Consueto pienone ieri sera al Teatro Nuovo Giovanni da Udine per l’atteso concerto che ha visto protagonista l’orchestra dell’Accademia Nazionale di Santa Cecilia diretta dal giovane estone Mihhail Gerts, presentare un programma che spazia da Rossini a Brahms.
Si attacca quindi con l’ouverture della Semiramide di Gioachino Rossini, in cui l’orchestra mette subito in luce le sue qualità come la bellezza del suono, la bravura nell’esecuzione dei soli e la precisione ritmica. Caratteristiche ben amministrate dall’elegante gesto di Gerts. L’inizio, così brioso ed elegante è salutato da una nutrita salva di applausi
Segue l’esecuzione della Sinfonia in si bemolle maggiore D. 125 di Franz Schubert. Qui, ancor più che in Rossini, possiamo ammirare la bravura del direttore, che fin dalle prime note del Largo, Allegro vivace, sa imprimere a questo capolavoro giovanile, quando la scrisse Schubert aveva solo diciassette anni!, il giusto slancio agogico e la giusta intensità dinamica, sì da darci uno Schubert ben chiaroscurato e differenziato nei vari momenti espressivi, con un gesto che sa suggerire e anticipare ai pur bravissimi professori dell’orchestra ciò che devono fare.
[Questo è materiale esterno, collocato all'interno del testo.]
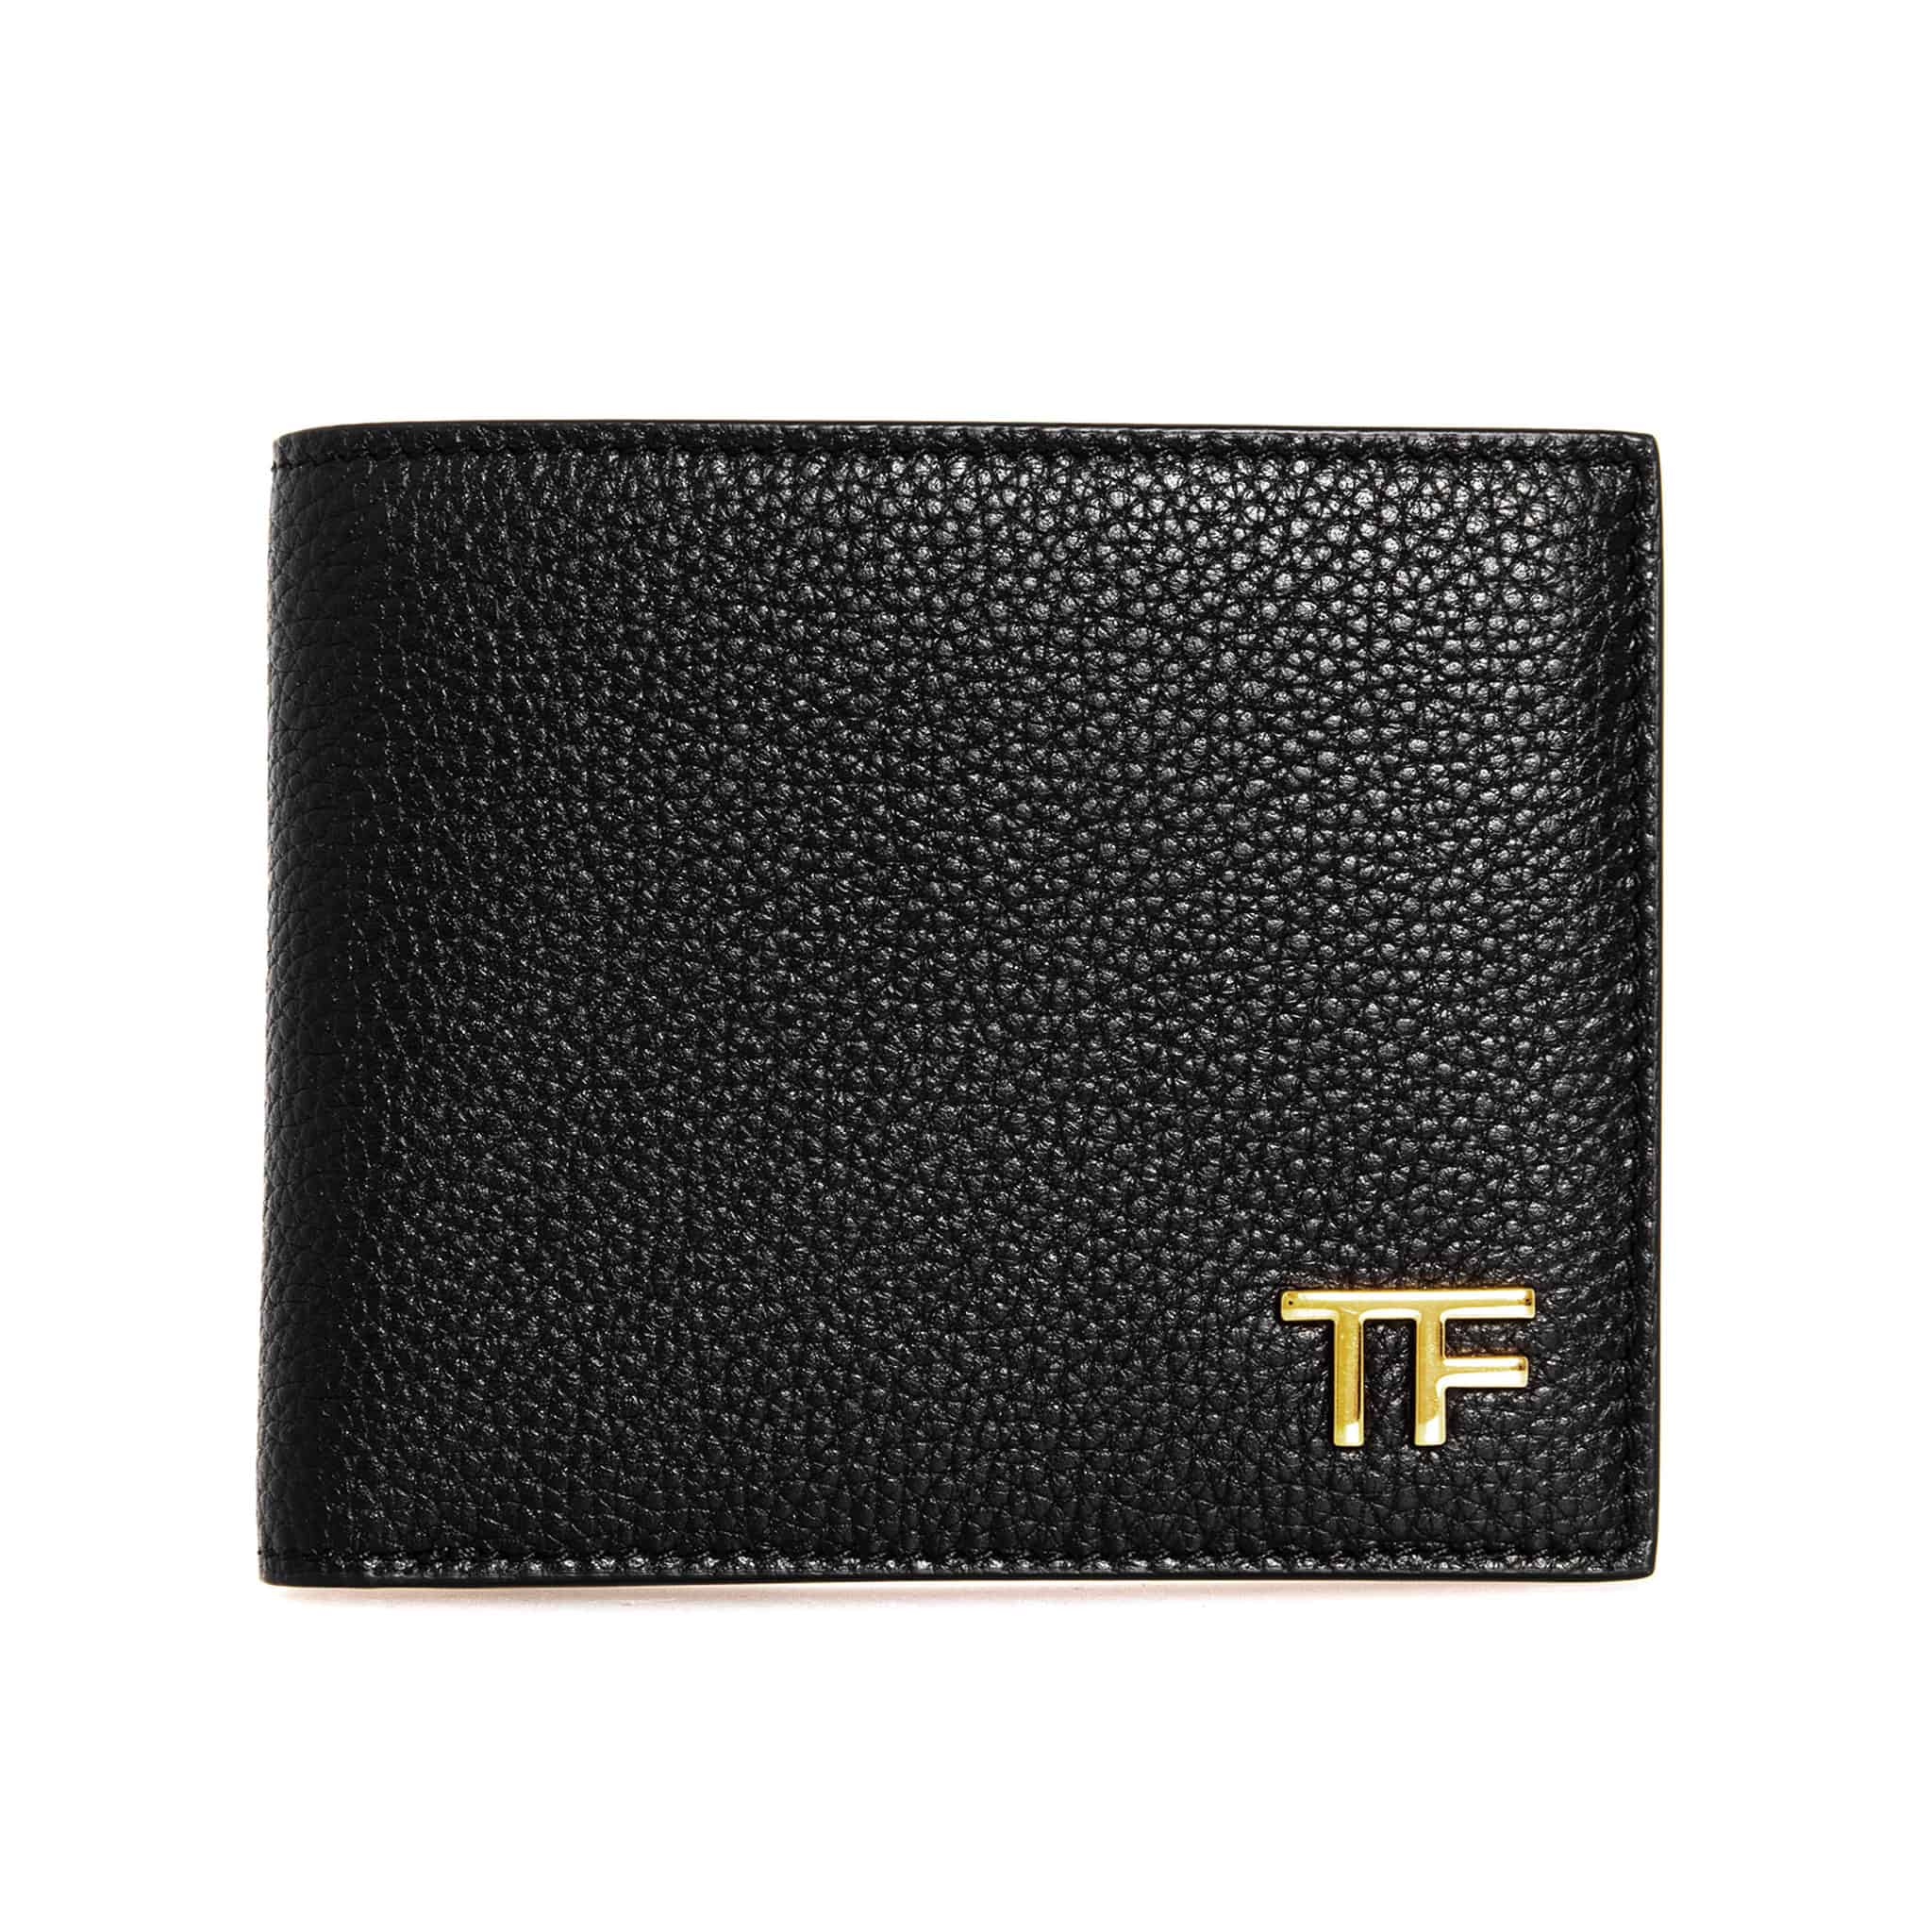 トムフォード TOM FORD 財布 メンズ 二つ折り財布 T LINE CLASSIC BIFOLD WALLET YT228 LCL158G 1N001 BLACK/GOLD

Ciò è particolarmente evidente nell’Andante (il secondo tempo) dove si estrinseca lo sforzo di bilanciamento degli incisi tematici ripresi dalle varie sezioni dell’orchestra o nel Minuetto- Trio, dove esalta lo stravolgimento della danza simbolo dell’ancien régime (il Minuetto) in Ländler (danza popolare) voluta da Schubert, oppure, ancora, nella travolgente vitalità del Presto vivace che chiude questo giovanile capolavoro.
Grandi applausi salutano la fine della Sinfonia e del primo tempo della serata.
Il secondo tempo della serata vede l’esecuzione della Sinfonia n. 1 in do minore op. 68 di Johannes Brahms. Lavoro tormentatissimo, questo, di Brahms (la gestazione del lavoro durò oltre vent’anni), ma che quando uscì fu salutata come la Decima (di Beethoven, autore di riferimento nell’immaginario brahmsiano) per l’impressionante assimilazione degli stilemi compositivi beethoveniani. Sinfonia complicata quindi, per lunghezza e complessità costruttiva. Ma che non rappresenta un problema per la Santa Cecilia e per il suo direttore. Il primo tempo, Un poco sostenuto. Allegro, infatti, risulta scorrevole e pienamente rispettoso dell’equilibrio costruttivo che Brahms costruisce fra i due temi che caratterizzano questa pagina. Il lirismo dell’Andante sostenuto è languidamente esaltato dai meravigliosi strumentisti della Santa Cecilia che sotto la guida di un ispirato Gerts ci portano attraverso quella specie di introduzione che è il Un poco allegretto e grazioso, a quel miracolo compositivo che è il Finale, con la sua complessità tematica e agogica è una delle pagine più intense scritte da Brahms, con una sapienza musicale che raramente è dato di ascoltare e che sa rendere il complesso mondo brahmsiano con grandissima intensità.
Alla fine gli applausi sono intensissimi, quasi una standing ovation, e sono ripagati da un inevitabile bis.